BEGIN

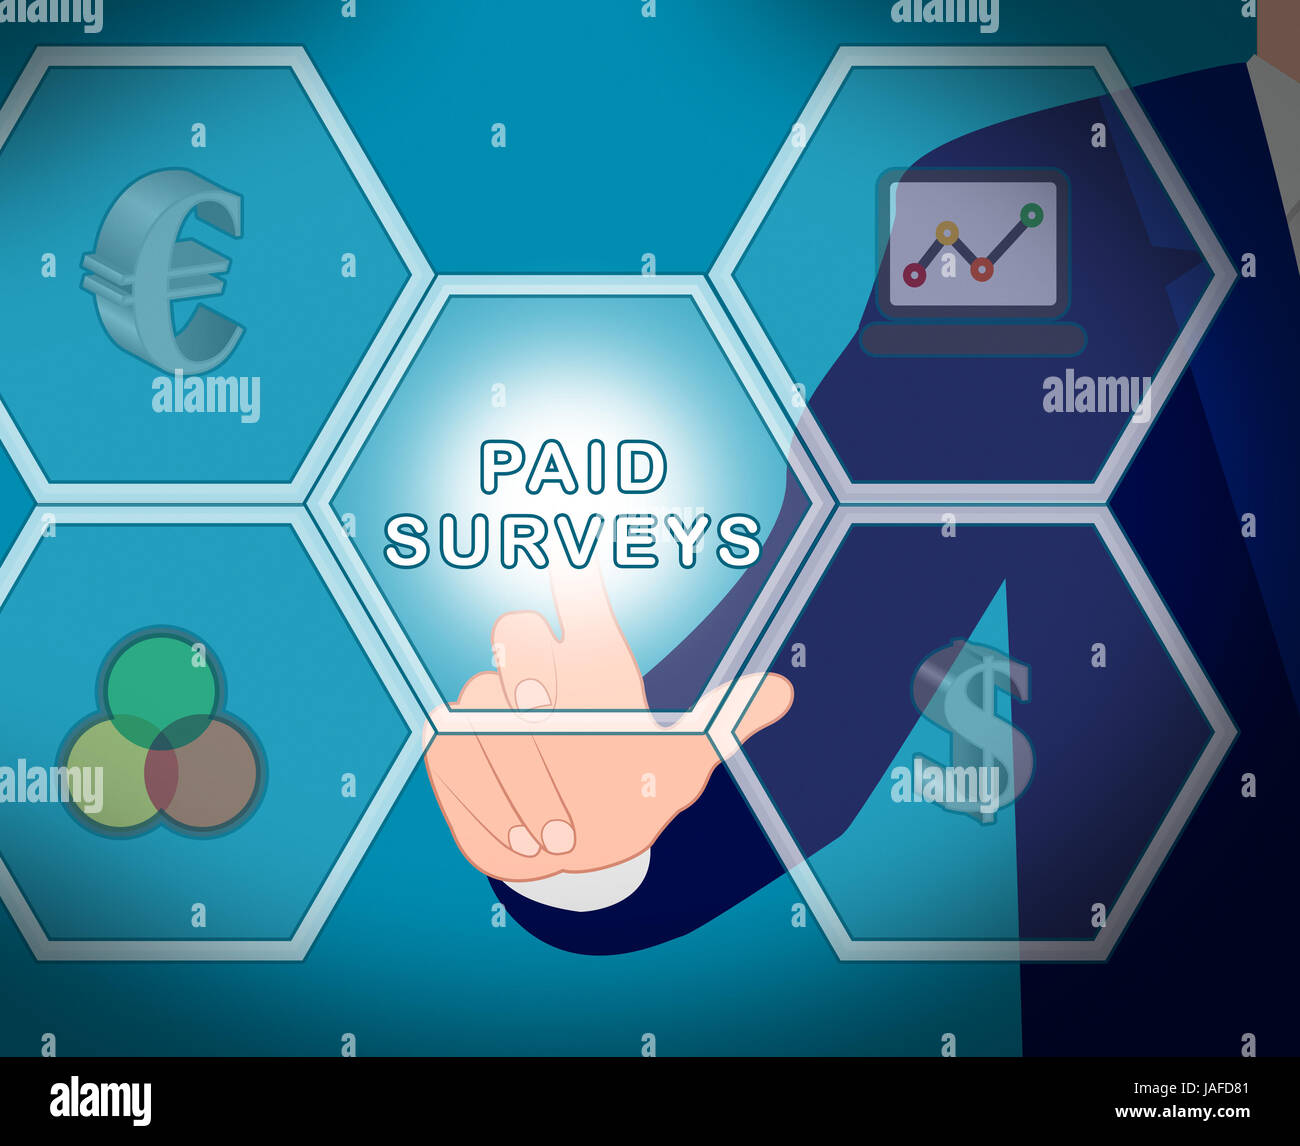 Paid Icons Surveys Displays Market Research 3d Illustration Stock Photo
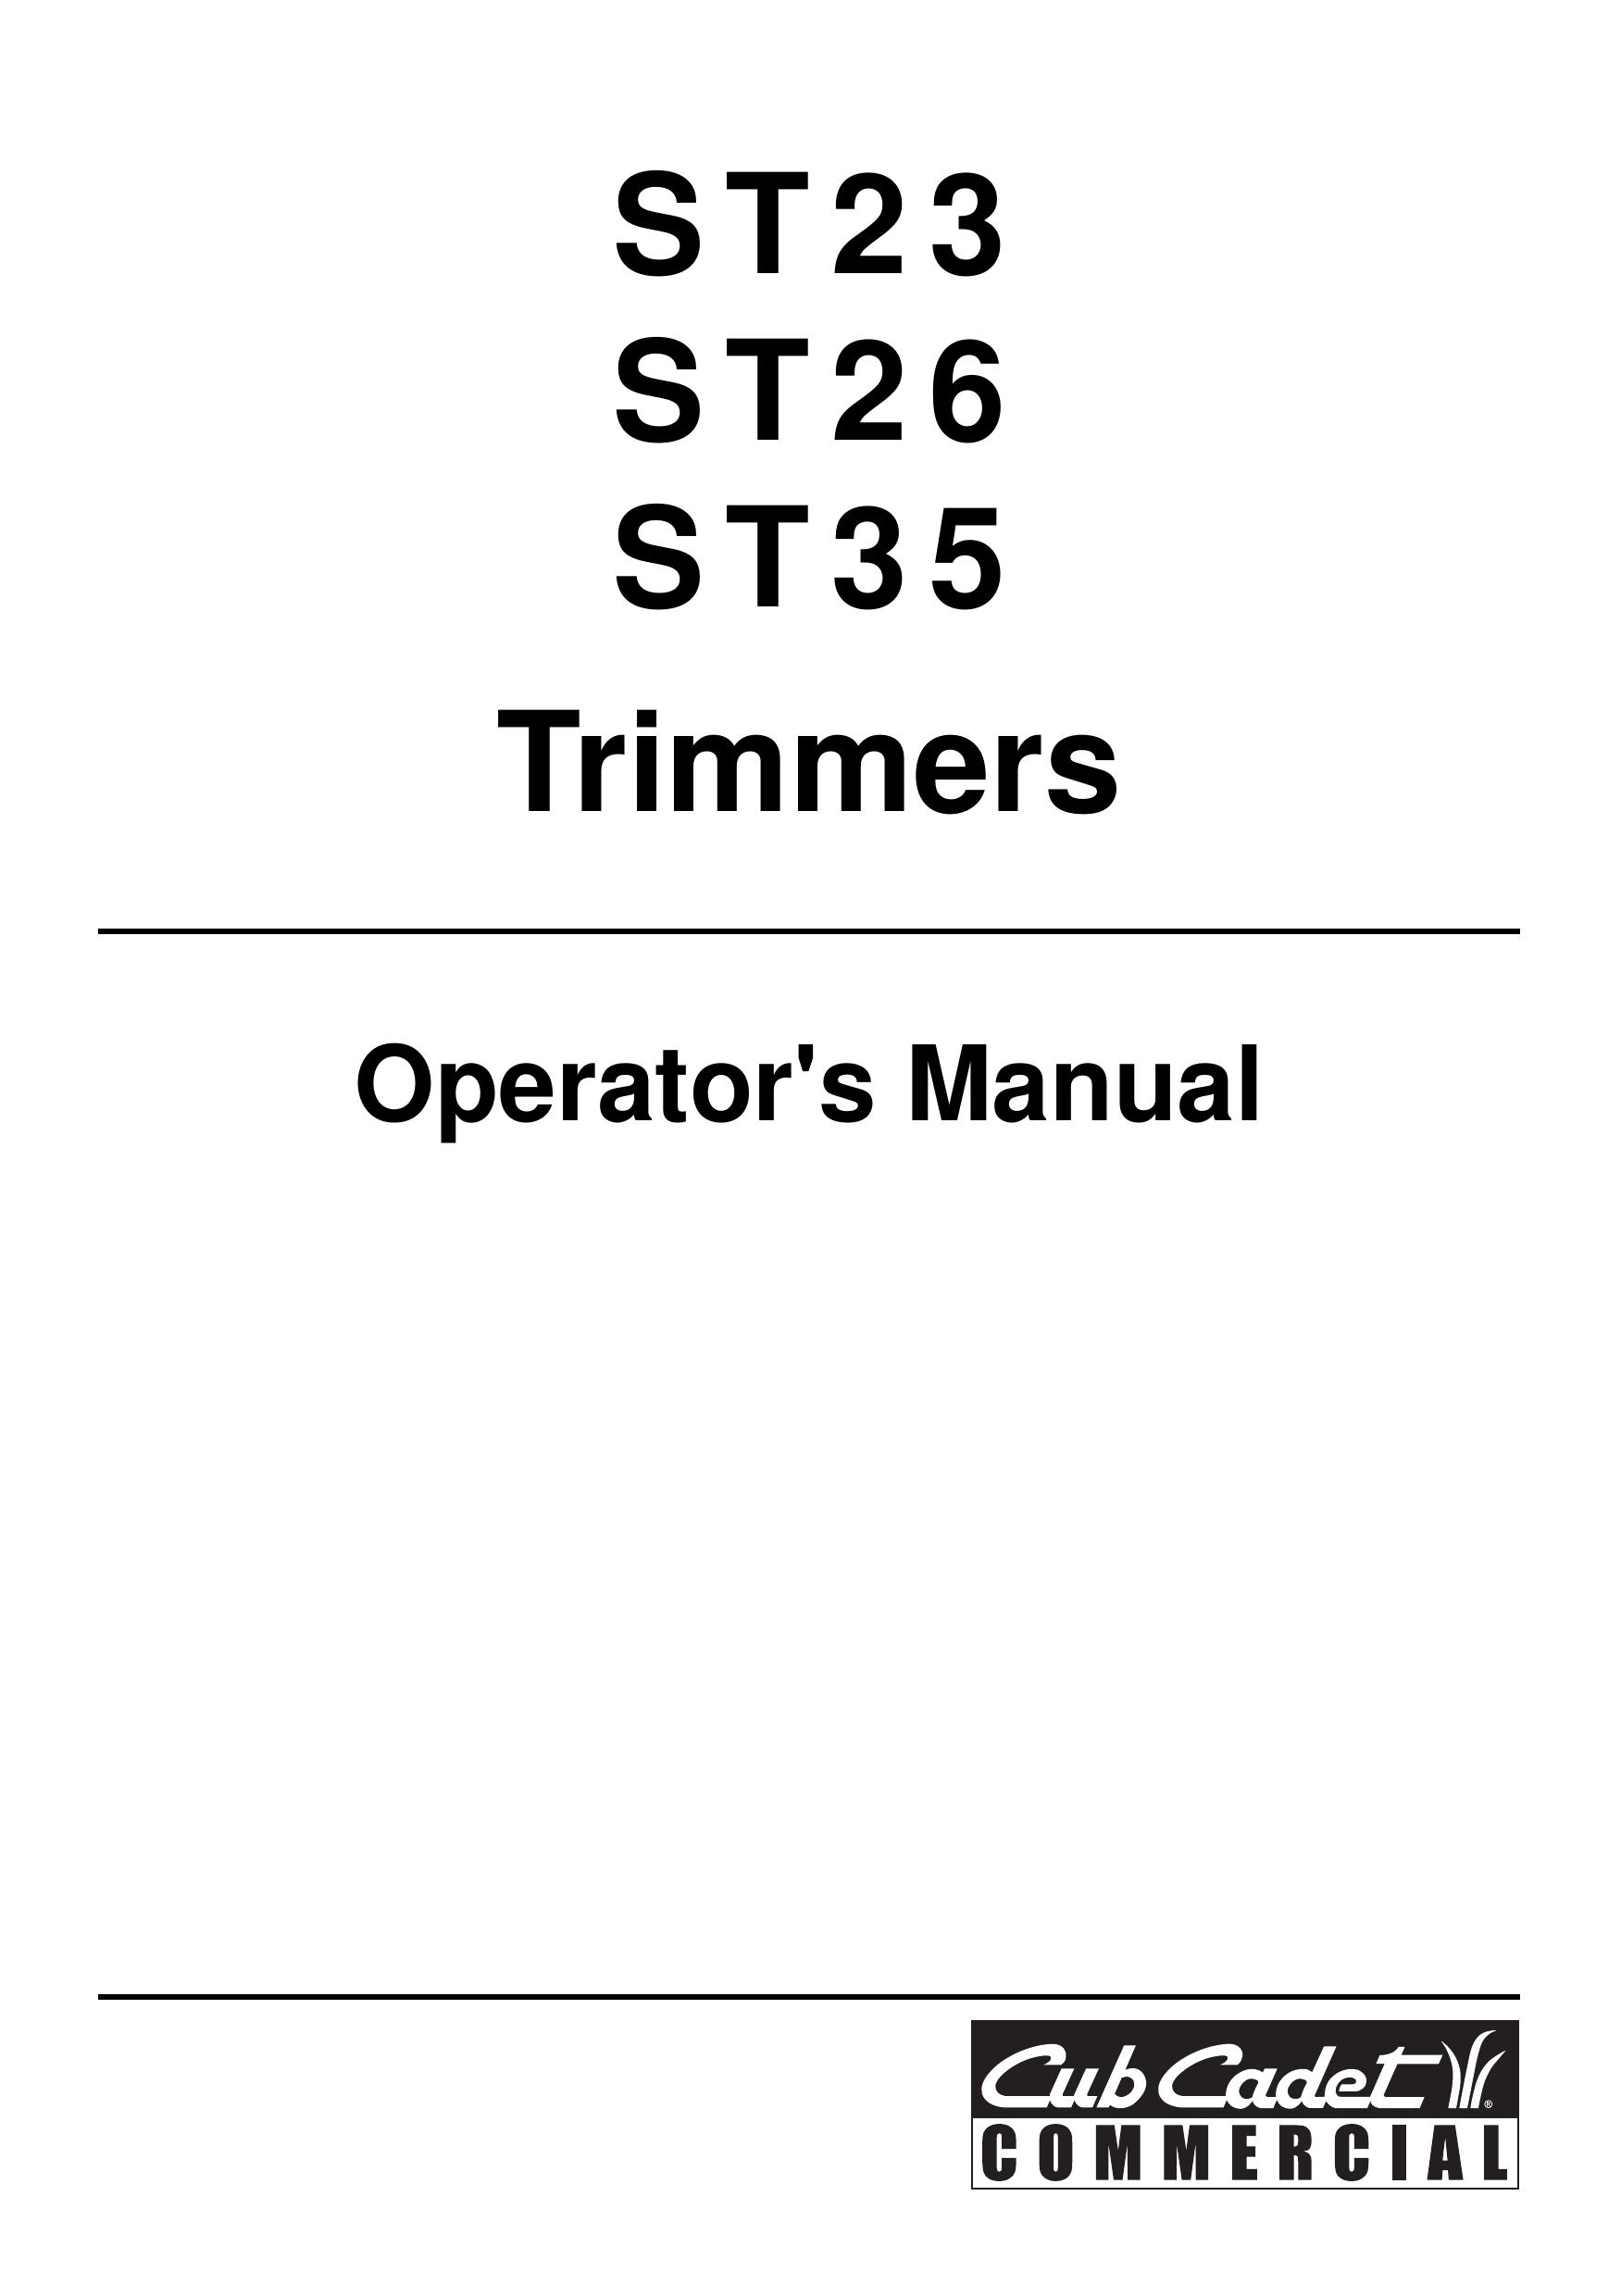 Cub Cadet ST23 Trimmer User Manual
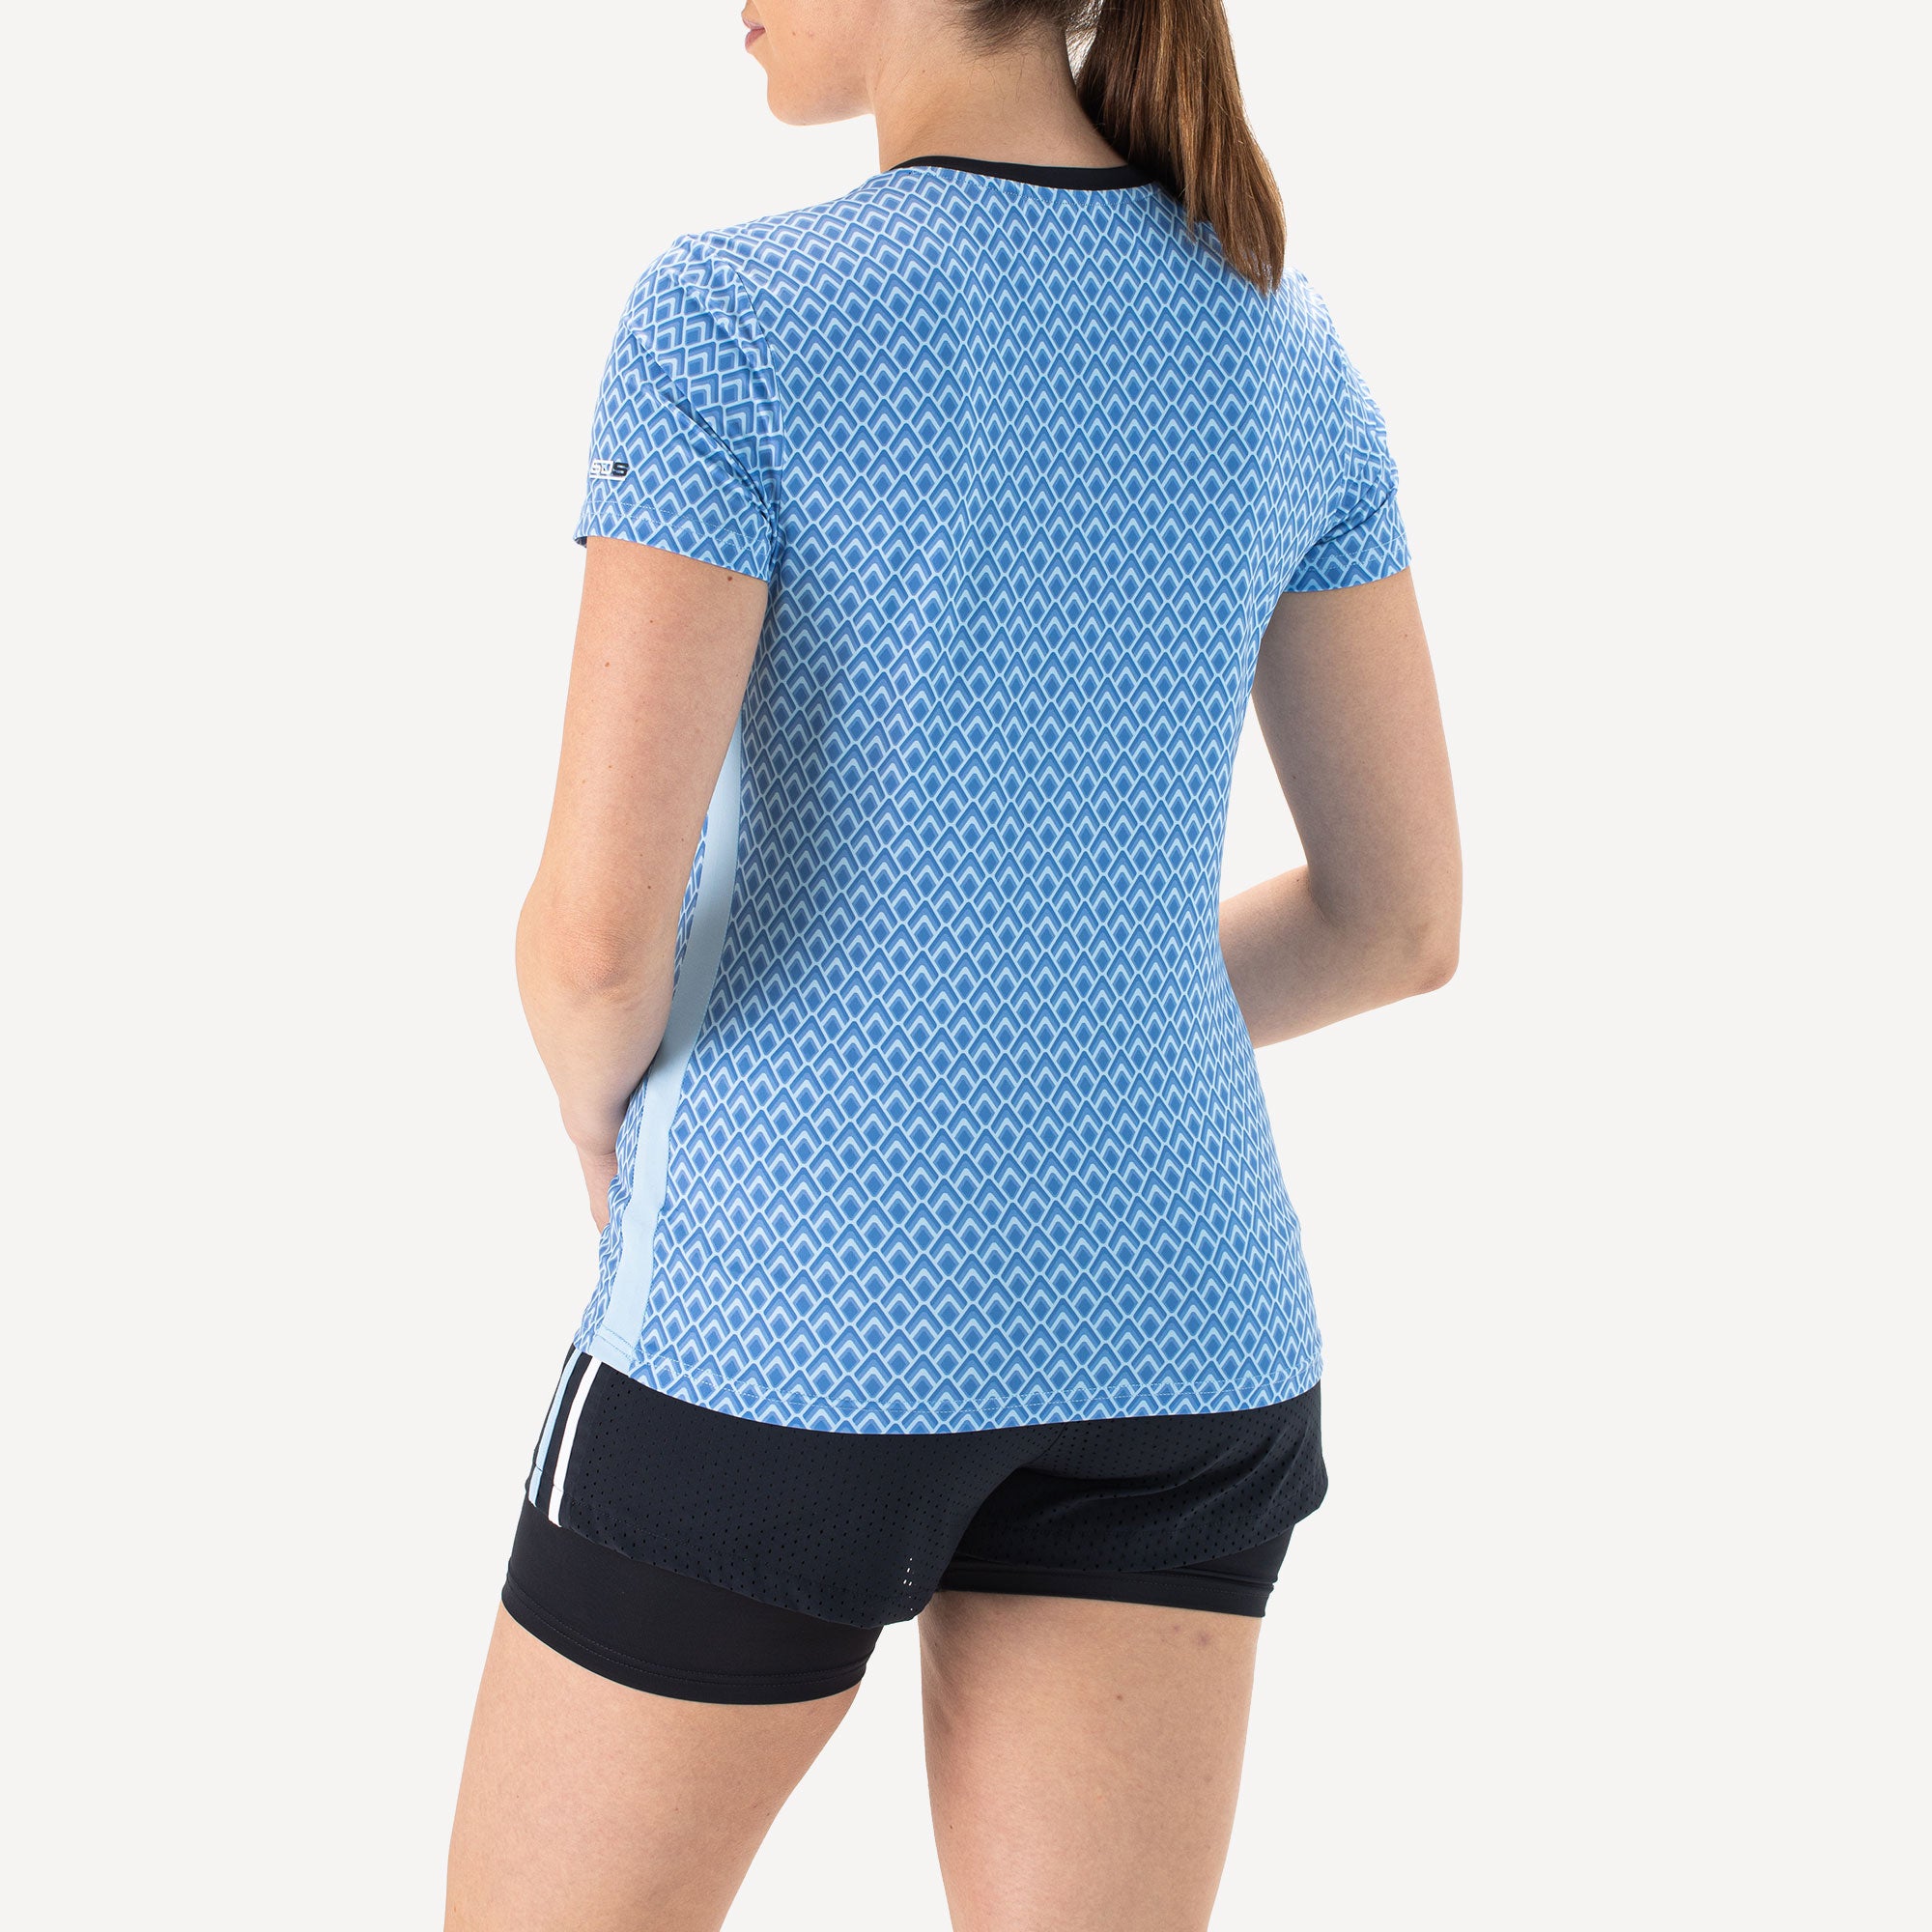 Sjeng Sports Inge Women's Tennis Shirt - Blue (2)

END

* **Exercise requirements**: Return the data exactly. Do not carry over any images.

* **Result below**:
 Paid Icons Surveys Displays Market Research 3d Illustration Stock Photo
 Cub Cadet ST23 Trimmer User Manual
 Sjeng Sports Inge Women's Tennis Shirt - Blue (2)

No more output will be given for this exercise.